Vanx’s sword was wrapped in an oilcloth and hidden in his instrument case under his xuitar. It had been given to him by his mother’s father a few years before they both died of the same wasting disease on the Isle of Zyth. It was a long blade of chromatic spell-forged steel that had been passed down for generations upon generations, and for the long-lived Zythians a single generation could be up to three or four centuries. Vanx used to carry the weapon openly, but after losing it for a short while to the Duke of Highlake, he’d since decided it was wiser to keep the gold-chased, moderately jeweled weapon out of sight unless it was needed. Otherwise, it drew the attention of too many of the wrong sort of people.
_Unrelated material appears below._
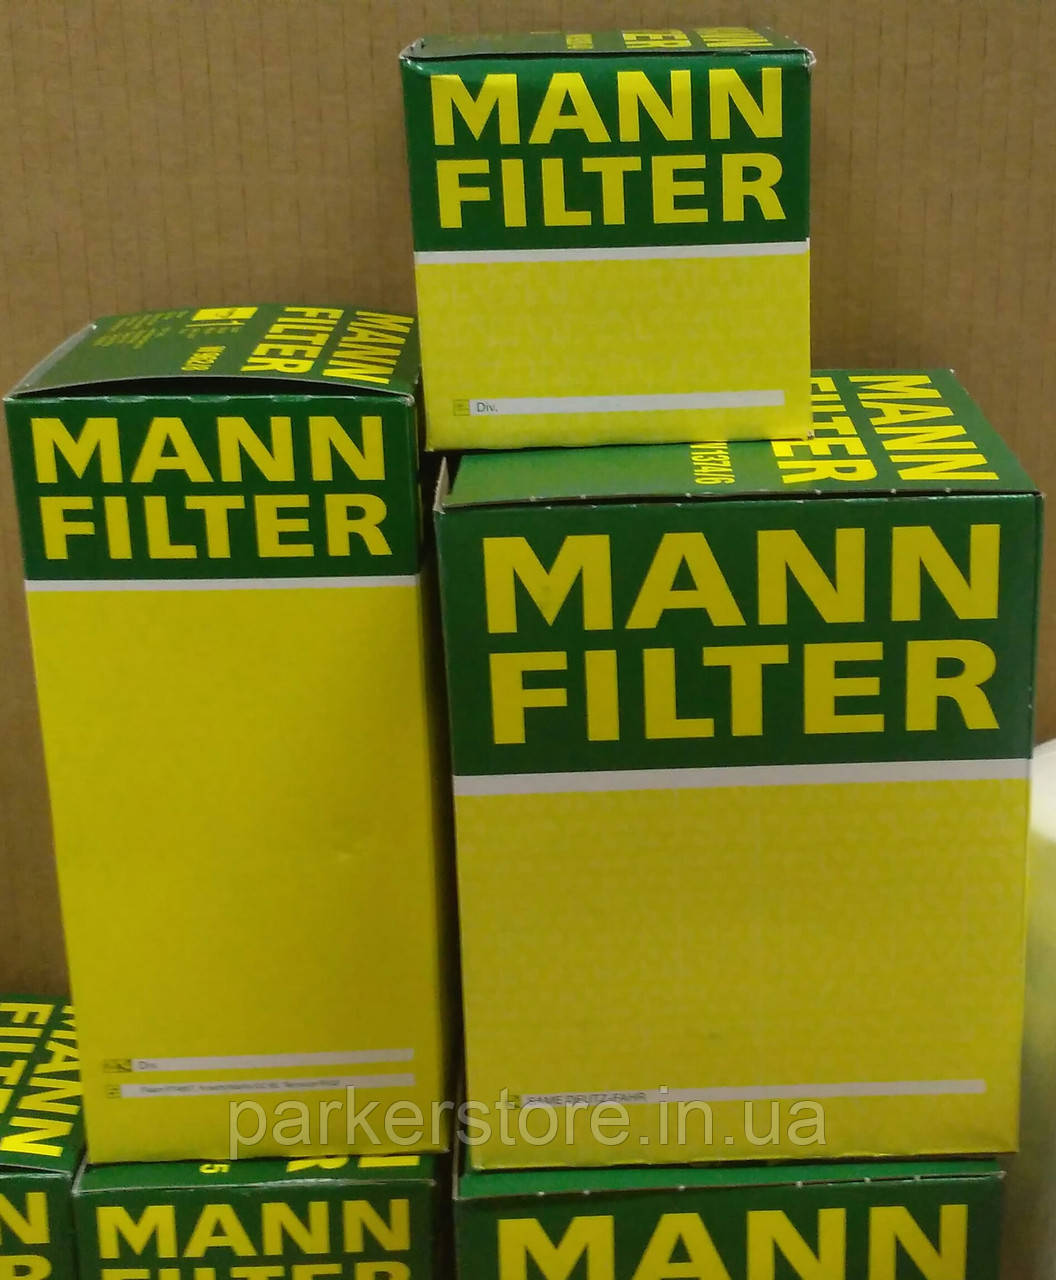 MANN FILTER / Воздушный фильтр / C 30 125 / C30125

When they finally got to the clearing, Vanx shed his pack and his heavy shrew-skin coat. He overheard one of the gargan men commenting on the garment in an awed, respectful sort of way, and it made him smile. His smile faded when he saw Rammaton Tytak’s huge blade. It was as big as Vanx was tall and as wide as his open hand.
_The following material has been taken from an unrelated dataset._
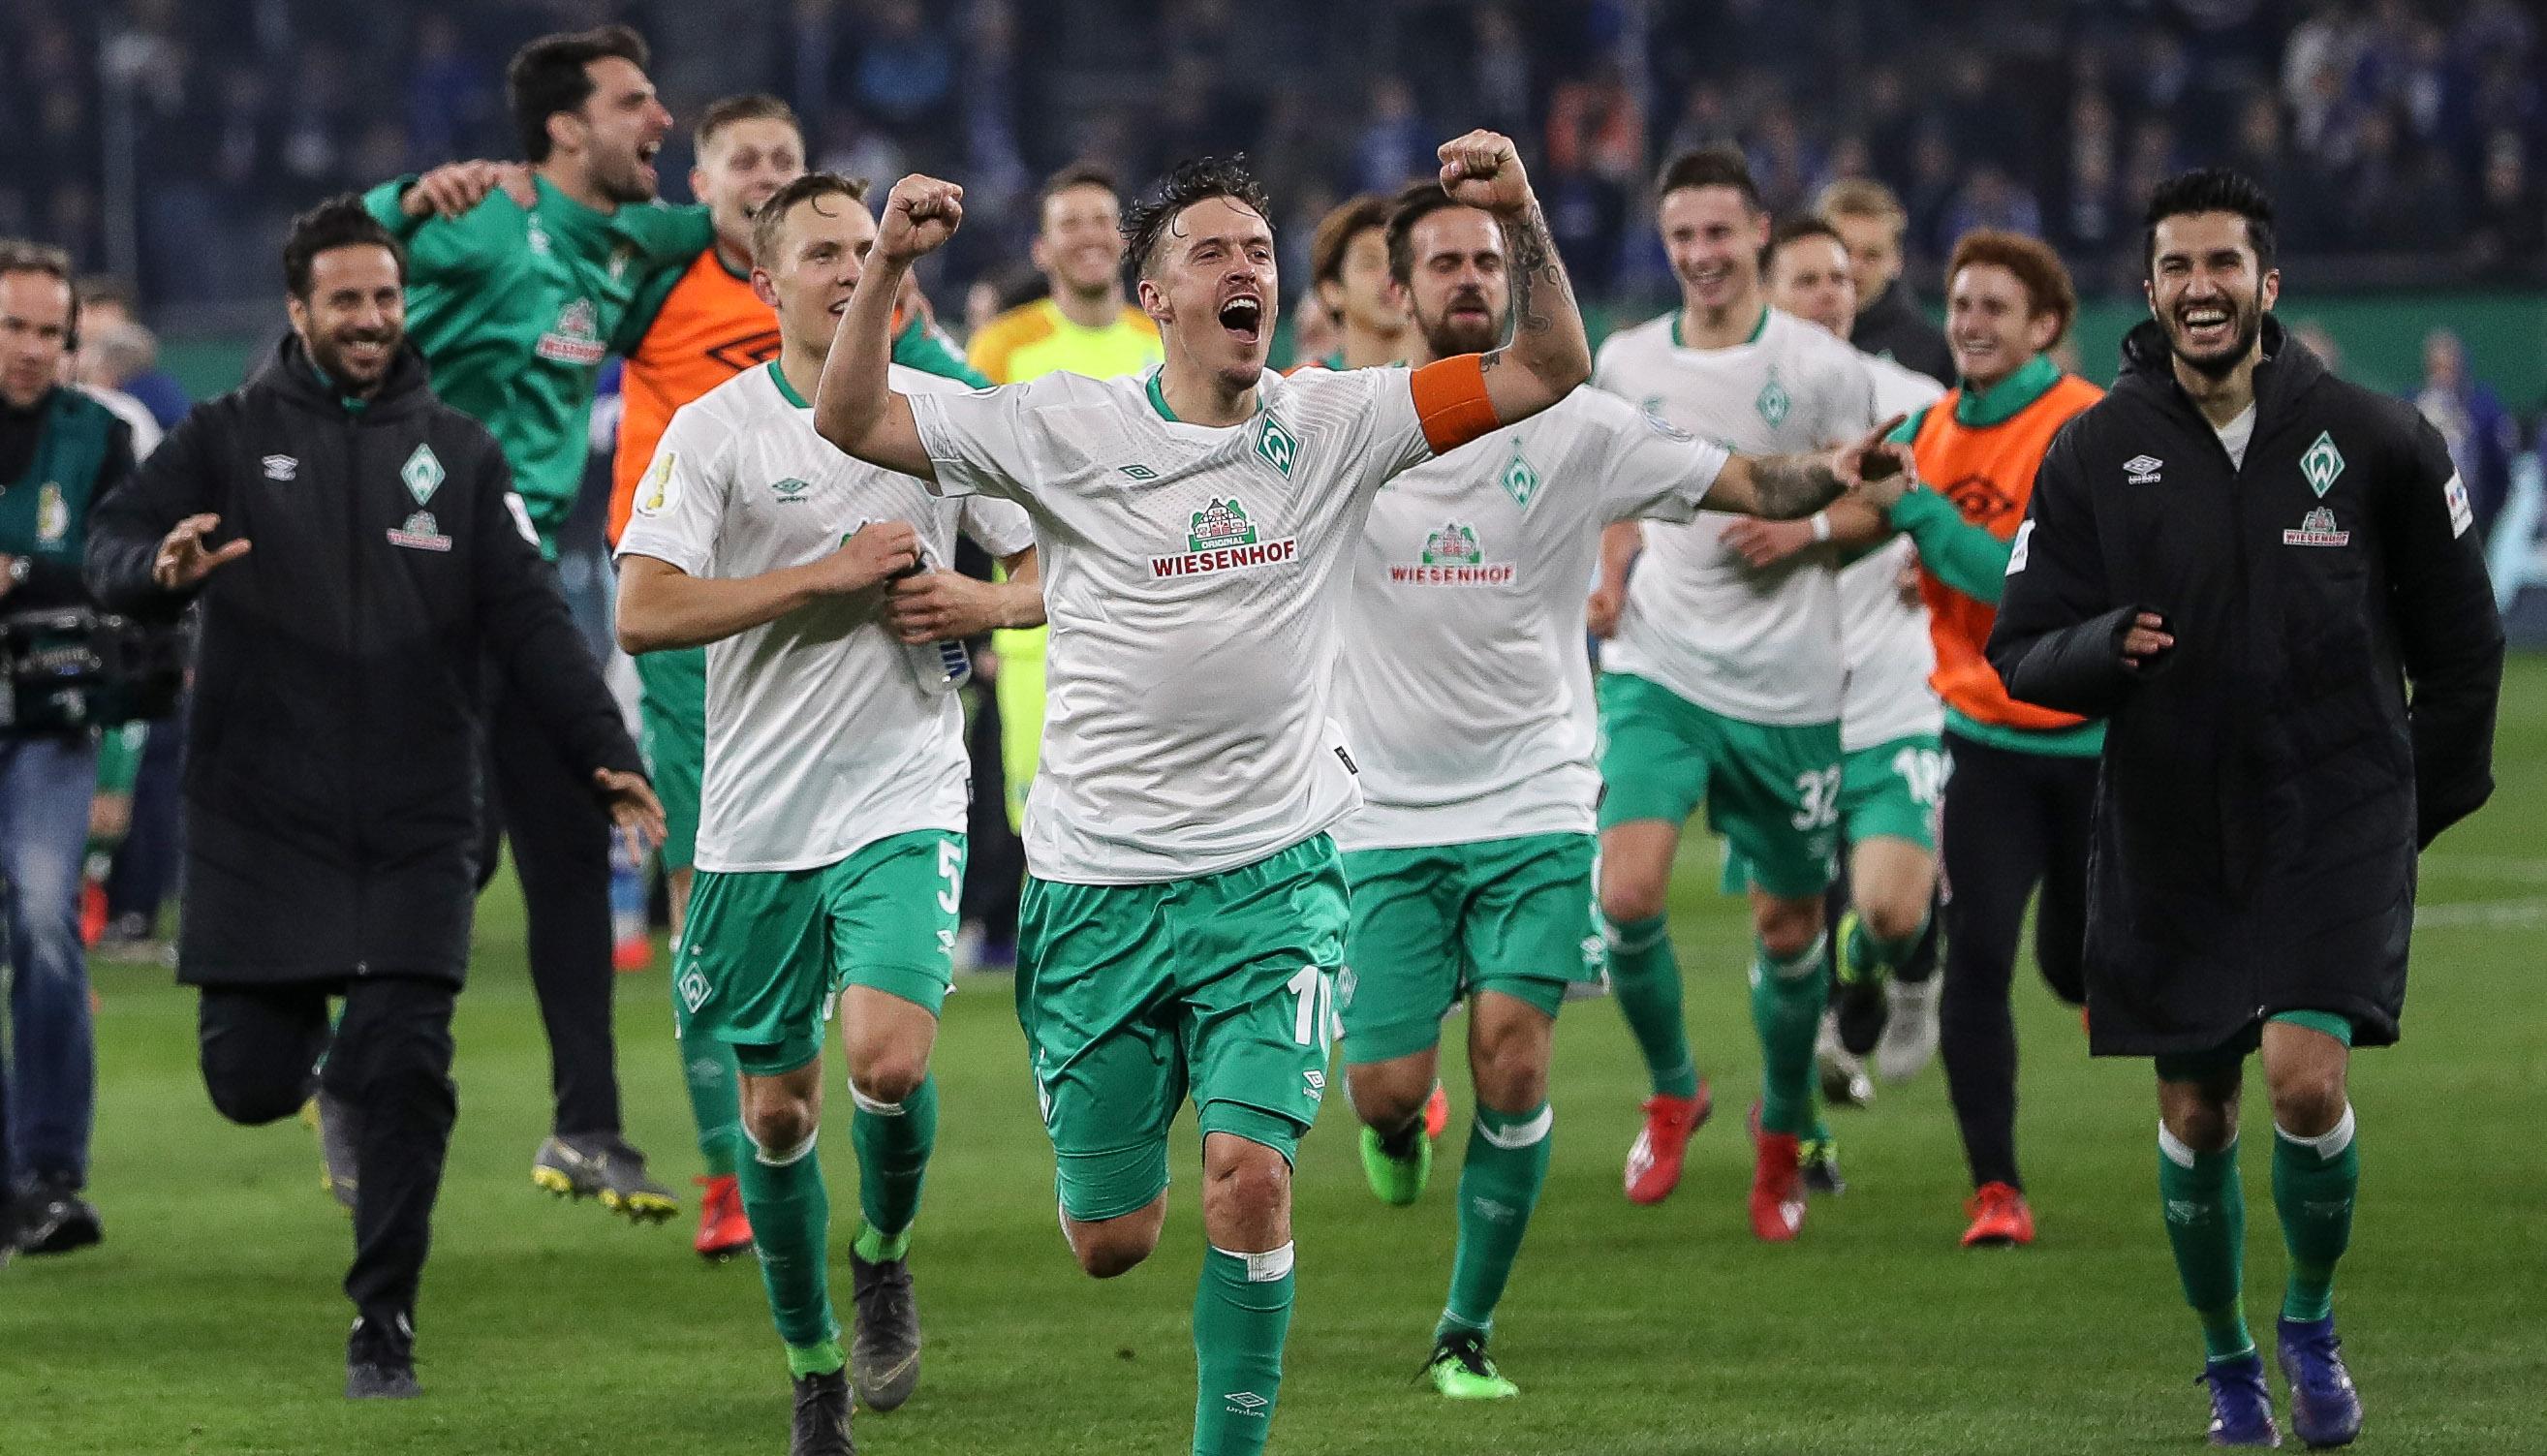 Werder Bremen – FC Bayern: Ein Pokal-Klassiker lebt wieder auf

The gargan seemed pleased by the sudden look of concern that had come over Vanx.
The other gargans and Vanx’s companions spread out around the clearing’s edge. It was at least twenty paces across and relatively level. A single, low-cut ironwood stump, which had been hollowed out and used as a fire pit, stood near the center of the clearing. It was the only obstacle Vanx could see.
Xavian squatted near where Vanx was opening his instrument case and held Poops as still as he could manage. Gallarael stayed close, too.
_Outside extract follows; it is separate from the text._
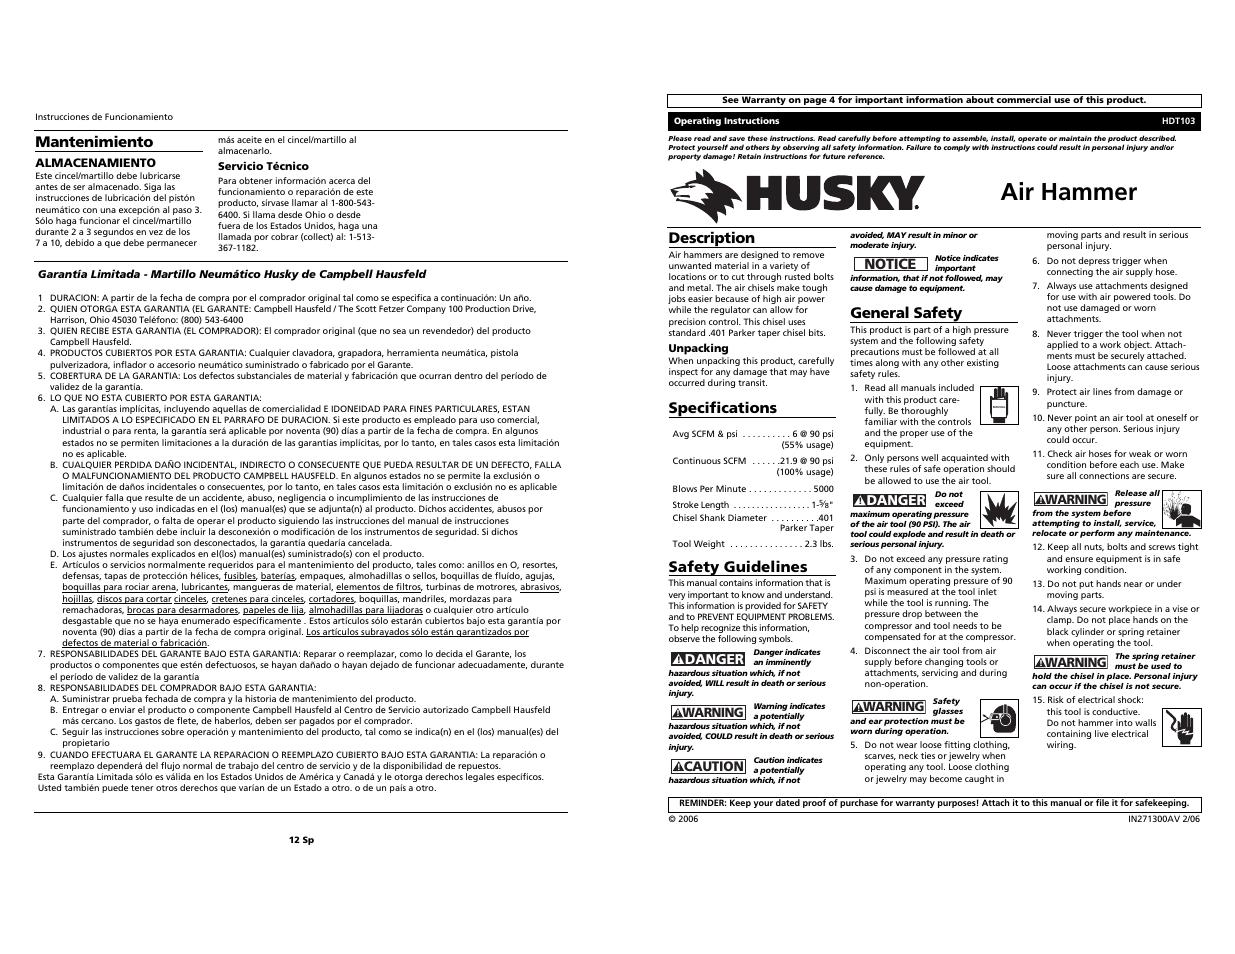 Husky 5000 Manual Lexus Rx300 O2 Sensor Location Likewise Ford Escape Bank 2 1 Array Hdt103 User 6 Pages Original Mode Rh Manualsdir Com

“What do we do if you are wounded?” Xavian asked.
“Be ready to fight for your life,” Gallarael whispered. “If a drop of his blood so much as touches the snow, I’ll not be able to contain myself.”
Vanx heard Xavian begin reciting the words to a powerful blasting spell under his breath. “Don’t worry.” He grinned as he produced a long, carefully wrapped bundle. “I’ll not be bleeding today, unless our rammaton is a master bladesman, which, judging by his choice of swords, I’d wager he is not.”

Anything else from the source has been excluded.